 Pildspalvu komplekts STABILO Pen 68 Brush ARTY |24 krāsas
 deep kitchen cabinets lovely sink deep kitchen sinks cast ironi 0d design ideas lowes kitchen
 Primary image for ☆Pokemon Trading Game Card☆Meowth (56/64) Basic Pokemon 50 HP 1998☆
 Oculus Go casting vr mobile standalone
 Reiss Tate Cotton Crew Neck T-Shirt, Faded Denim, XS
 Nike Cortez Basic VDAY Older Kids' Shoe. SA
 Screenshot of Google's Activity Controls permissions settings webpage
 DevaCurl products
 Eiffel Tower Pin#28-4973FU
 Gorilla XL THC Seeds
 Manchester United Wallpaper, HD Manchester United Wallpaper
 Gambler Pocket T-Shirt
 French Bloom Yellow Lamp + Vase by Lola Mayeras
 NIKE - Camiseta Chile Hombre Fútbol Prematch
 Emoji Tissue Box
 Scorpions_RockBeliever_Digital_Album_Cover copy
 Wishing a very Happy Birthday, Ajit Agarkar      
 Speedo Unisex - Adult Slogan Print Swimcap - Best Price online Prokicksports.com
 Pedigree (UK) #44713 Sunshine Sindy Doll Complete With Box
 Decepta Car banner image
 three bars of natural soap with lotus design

# # # # #

** YOUR ASSIGNMENT **
Retype only the lines above between the line with "Nike Cortez Basic VDAY Older Kids' Shoe. SA" and the line with "French Bloom Yellow", counting those two lines as well, and keep every character as it is.

** SOLUTION FOR THIS PROBLEM **
 Nike Cortez Basic VDAY Older Kids' Shoe. SA
 Screenshot of Google's Activity Controls permissions settings webpage
 DevaCurl products
 Eiffel Tower Pin#28-4973FU
 Gorilla XL THC Seeds
 Manchester United Wallpaper, HD Manchester United Wallpaper
 Gambler Pocket T-Shirt
 French Bloom Yellow Lamp + Vase by Lola Mayeras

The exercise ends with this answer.